Production post mortem: The opener of files and destroyer of peace

time to read 2 min | 307 words

A customer opened a support call about a recurring problem that they had in their system.

System.InvalidOperationException: Errno: 1224='The requested operation cannot be performed on a file with a user-mapped section open.
' (rc=0) - 'Failed to rvn_write_header 'headers.one', reason : FailOpenFile'. FailCode=FailOpenFile.
   at Sparrow.Server.Platform.PalHelper.ThrowLastError(FailCodes rc, Int32 lastError, String msg) in C:\Builds\RavenDB-Stable-4.2\42040\src\Sparrow.Server\Platform\PalHelper.cs:line 35
   at Voron.StorageEnvironmentOptions.DirectoryStorageEnvironmentOptions.WriteHeader(String filename, FileHeader* header) in C:\Builds\RavenDB-Stable-4.2\42040\src\Voron\StorageEnvironmentOptions.cs:line 706
   at Voron.Impl.FileHeaders.HeaderAccessor.Modify(ModifyHeaderAction modifyAction) in C:\Builds\RavenDB-Stable-4.2\42040\src\Voron\Impl\FileHeaders\HeaderAccessor.cs:line 200
   at Voron.Impl.Journal.WriteAheadJournal.JournalApplicator.SyncOperation.UpdateDatabaseStateAfterSync() in C:\Builds\RavenDB-Stable-4.2\42040\src\Voron\Impl\Journal\WriteAheadJournal.cs:line 998
   at Voron.Impl.Journal.WriteAheadJournal.JournalApplicator.LockTaskResponsible.RunTaskIfNotAlreadyRan() in C:\Builds\RavenDB-Stable-4.2\42040\src\Voron\Impl\Journal\WriteAheadJournal.cs:line 1192

And the code that failed was:

Based on that information, the issue is obvious. Someone is poking their nose into RavenDB’s files. It is important to understand that this will cause the I/O operation to fail. And since this is part of a critical path in managing the file, it will force the entire database to unload.

We asked the customer to make sure that all indexing services, anti virus programs and the like would be instructed to ignore the RavenDB directories and were assured that this is already the case.

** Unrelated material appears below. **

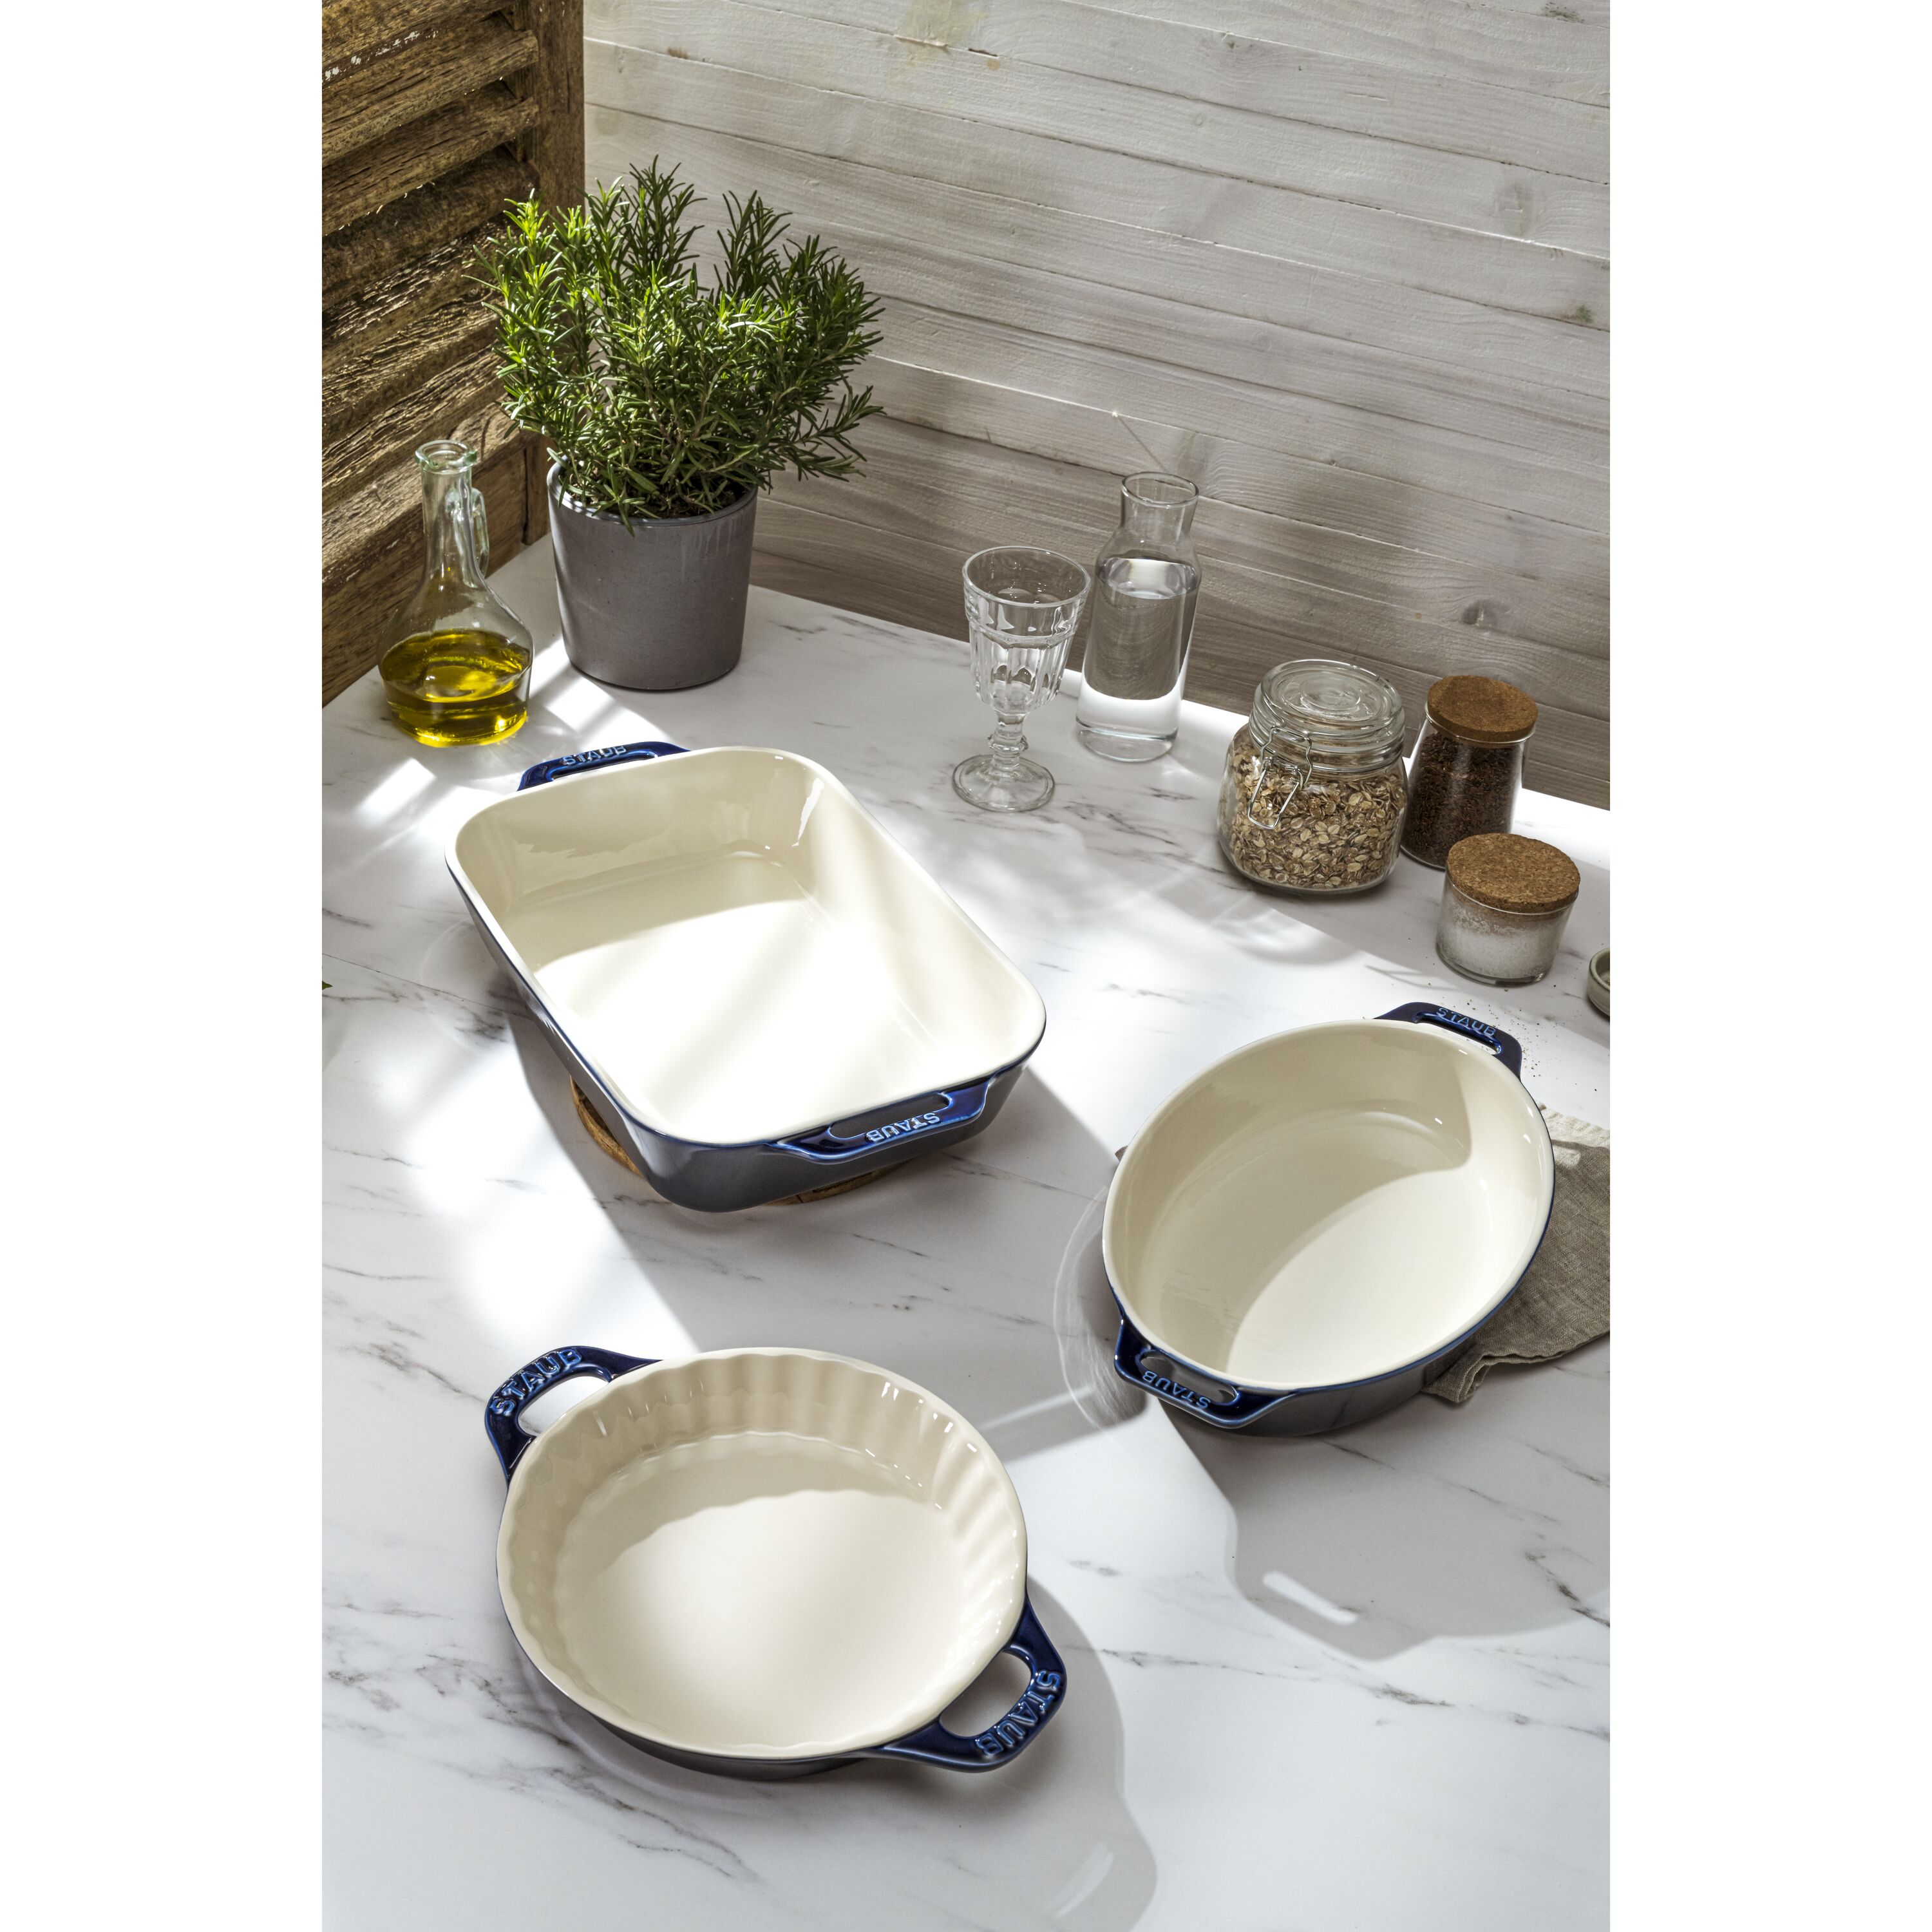 STAUB Ceramics 3-pc Rectangular Baking Dish Set - Bed Bath & Beyond -  34832519

That led us to a problem. If no one else is touching our files, is it possible that it is our own code that is causing the issue?

I asked the customer to use Process Monitor to track system calls made on that particular file.  It took a day or so, but they came back with:
8:13:31.4865562 AM MsMpEng.exe 3112 CreateFileMapping D:\RavenDB\Server\RavenData\System\headers.one FILE LOCKED WITH WRITERS SyncType: SyncTypeCreateSection, PageProtection: PAGE_EXECUTE

We had our culprit, Windows Defender would mess around in our files, causing some I/O operations to fail.  The customer added RavenDB’s directories to Windows Defender’s excluded list as well, and that should be the end of things.

Overall, this is a short issue, but it was only short because we were able to prove what other process was causing us issues.